Introduction to assessor • assessor

assessor

The goal of assessor is to provide assessment tools for regression models with discrete and semicontinuous outcomes proposed in Yang (2024) and and Yang(2024). It calculates the double probability integral transform (DPIT) residuals, constructs QQ plots of residuals for model diagnostics, and constructs the ordered curve for assessing mean structures.

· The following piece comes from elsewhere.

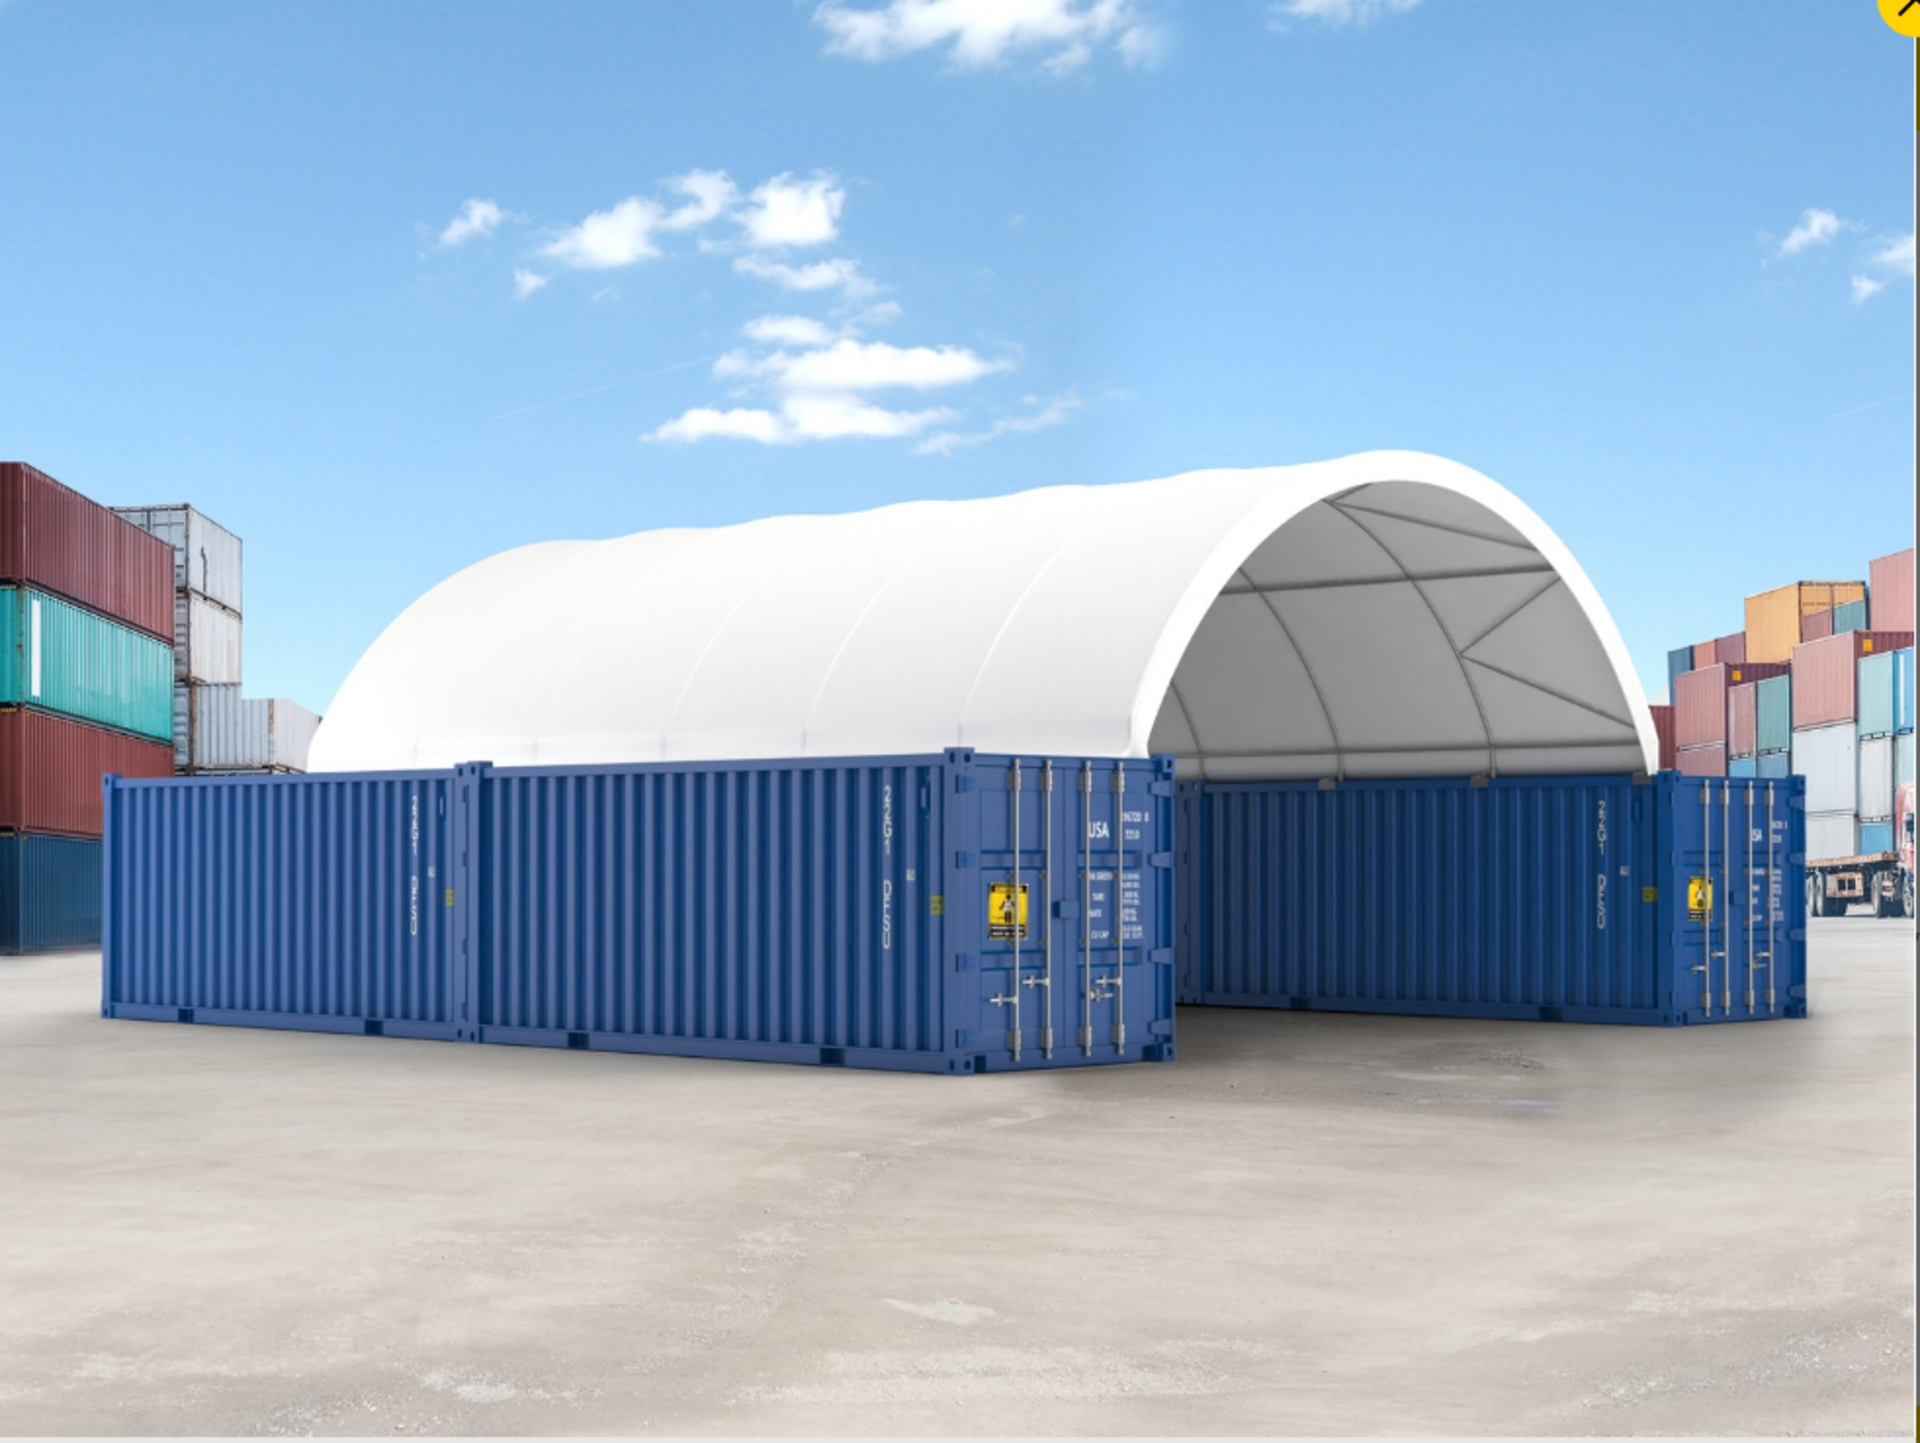 GOLDEN MOUNT Container Shelter - Image 3 of 6

General function arguments

In assessor, there are functions for calculating DPIT residuals for the various type of models: discrete, zero-inflated, and semi-continuous outcome regression models. resid_disc(), resid_zeroinfl(), resid_semiconti(), and resid_2pm() are functions evaluating DPIT residuals for discrete, zero-inflated discrete, semicontinuous, and two-part outcomes, respectively. They share the same arguments:

model: Each function supports certain types of model objects. Check below on which model objects are applicable.
plot: If you set plot=TRUE, the function will return a QQ-plot of DPIT residuals. Some users may only need the QQ-plot. In that case, qqresid() only returns the QQ-plot without returning the DPIT residuals.
scale: You can choose the scale of the residuals among normal and uniform scales. The sample quantiles of the residuals are plotted against the theoretical quantiles of a standard normal distribution under the normal scale, and against the theoretical quantiles of a uniform (0,1) distribution under the uniform scale. The default scale is normal.

Real data example

The solder data, extracted from the faraway package, lends itself to fitting through either Poisson regression or Negative Binomial regression. The selection between these models depends on the underlying distribution characteristics of the data. To validate the distribution assumption, a comprehensive approach involves assessing the DPIT residuals and scrutinizing the QQ plot derived from these residuals.

library(assessor)
library(faraway) 
library(MASS)
data("solder") # from faraway package


## Negative Binomial
modpnb <- glm.nb(skips~.,data=solder)
modp <- glm(skips~.,famil=poisson(link="log"),data=solder)

## QQ-plot
par(mfrow=c(1,3))
poi.resid <- resid_disc(modp,plot = TRUE)
norm.resid <- resid_disc(modpnb,plot = TRUE, scale = "normal")
unif.resid <- resid_disc(modpnb,plot = TRUE, scale = "uniform")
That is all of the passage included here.